Ее брат Святша, напротив, был озабочен тем, чтобы как можно скорее выступить в сторону Новгорода, и его весьма огорчила весть о том, что ни Брячислава, ни Всеслава в городе нет.
— Занемог князь Брячислав, — говорила княгиня, разводя руками. — В Ключи поехал, это село наше дальнее, а там конь понес его, видно, леший попутал. С седла сорвался, расшибся, два дня без памяти лежал. Теперь уж в себя пришел, да не встает покуда. Даст Белее, поправится, а пока и везти его нельзя. Сын у него сейчас. Кабы знать, что такие гости! Да ничего — воротится на днях. А пока мы с Грядишей вас примем, как сумеем. Не погневайтесь, ежели что — мы тут живем дедовскими обычаями, важных приемов новых не ведаем.

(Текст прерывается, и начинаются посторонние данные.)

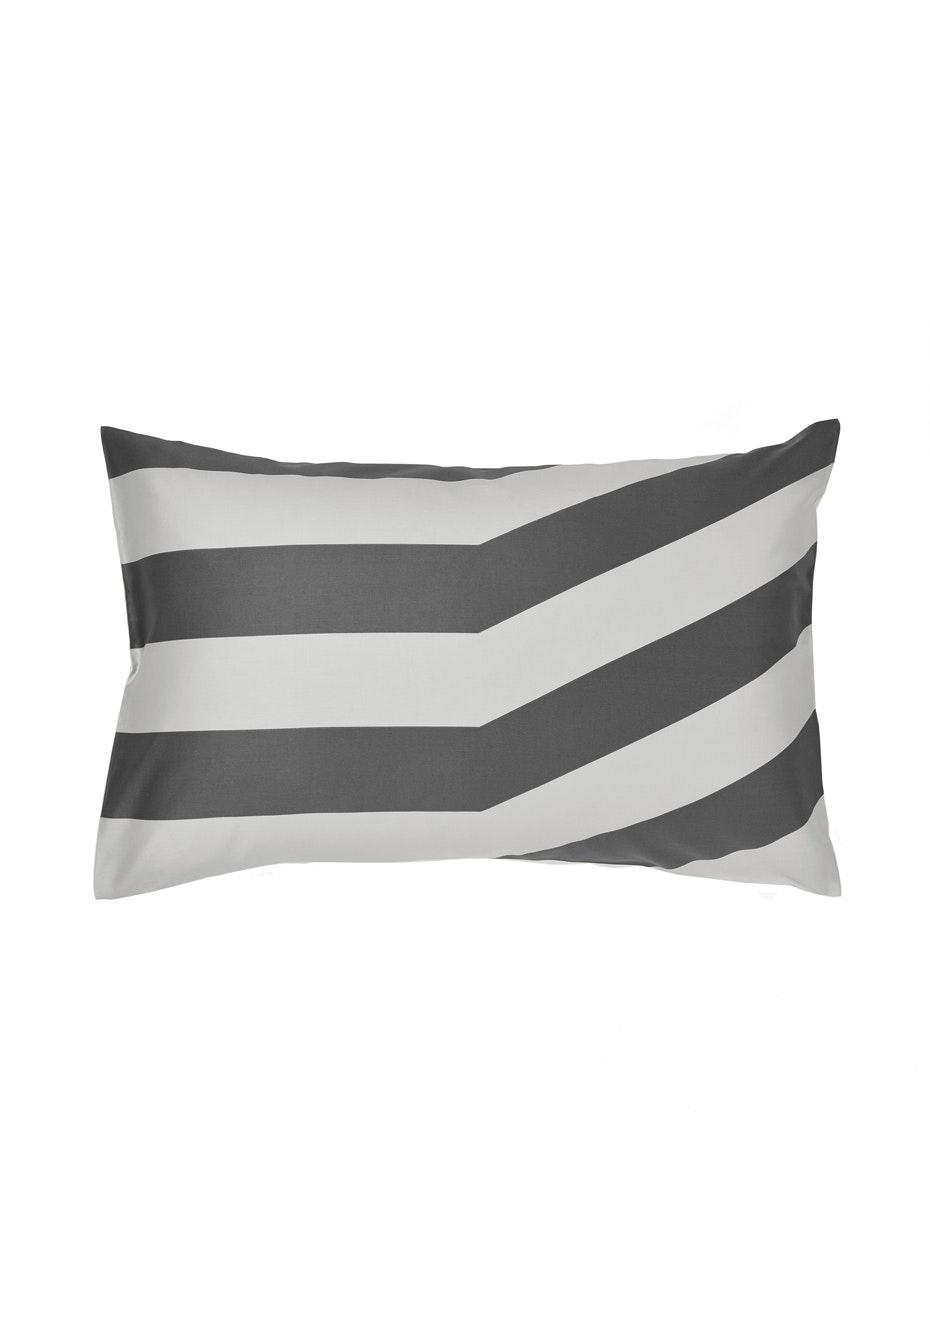 Aura Tltd Stripe Standard Pillowcase - Standard Charcoal

Все это говорилось с тем же легким лукавством, которое Елисава заметила в глазах Грядиславы, но в лукавстве этом скорее таилось добродушие, чем коварство, — княгиня Молигнева, казалось, сама посмеивалась над своей «дикой» жизнью в лешачьем углу. Однако хоть византийских аксамитов они не носили, все же знали о том, что делается на белом свете. Полоцкие князья тоже держали наемную варяжскую дружину, которая, как успел выяснить Святша, насчитывала двести человек и управлялась неким Ториром по прозвищу Вырви Глаз. В горницах княжьего двора, нового и довольно просторного, не ощущалось недостатка в вышитых шерстяных полавочниках и резных ларцах и ларчиках, а одну стену даже украшала драгоценная персидская «завеса» — шелковое полотно с вытканным изображением кипариса, священного дерева жизни, цветов и растительных узоров. Бледно-желтая, золотистая завеса с зеленовато-коричневым узором выглядела довольно старой, но и сейчас было видно, что это одна из тех дорогих тканей, которые даже умелый мастер изготавливает очень медленно: за день не более чем на длину женской ладони. Видимо, это была добыча, привезенная из давних походов каким-нибудь полоцким князем или служившим им варягом. Кстати, икон Елисава в горницах не заметила, и прибежищем местных христиан служила маленькая, почерневшая от времени деревянная церквушка. Елисава вспомнила огромные, роскошно украшенные каменные церкви Киева и подумала, что не так уж неправы те, кто называет полоцких князей язычниками. Отец Сионий, чтобы помолиться с дороги, был вынужден достать образок из собственных пожитков.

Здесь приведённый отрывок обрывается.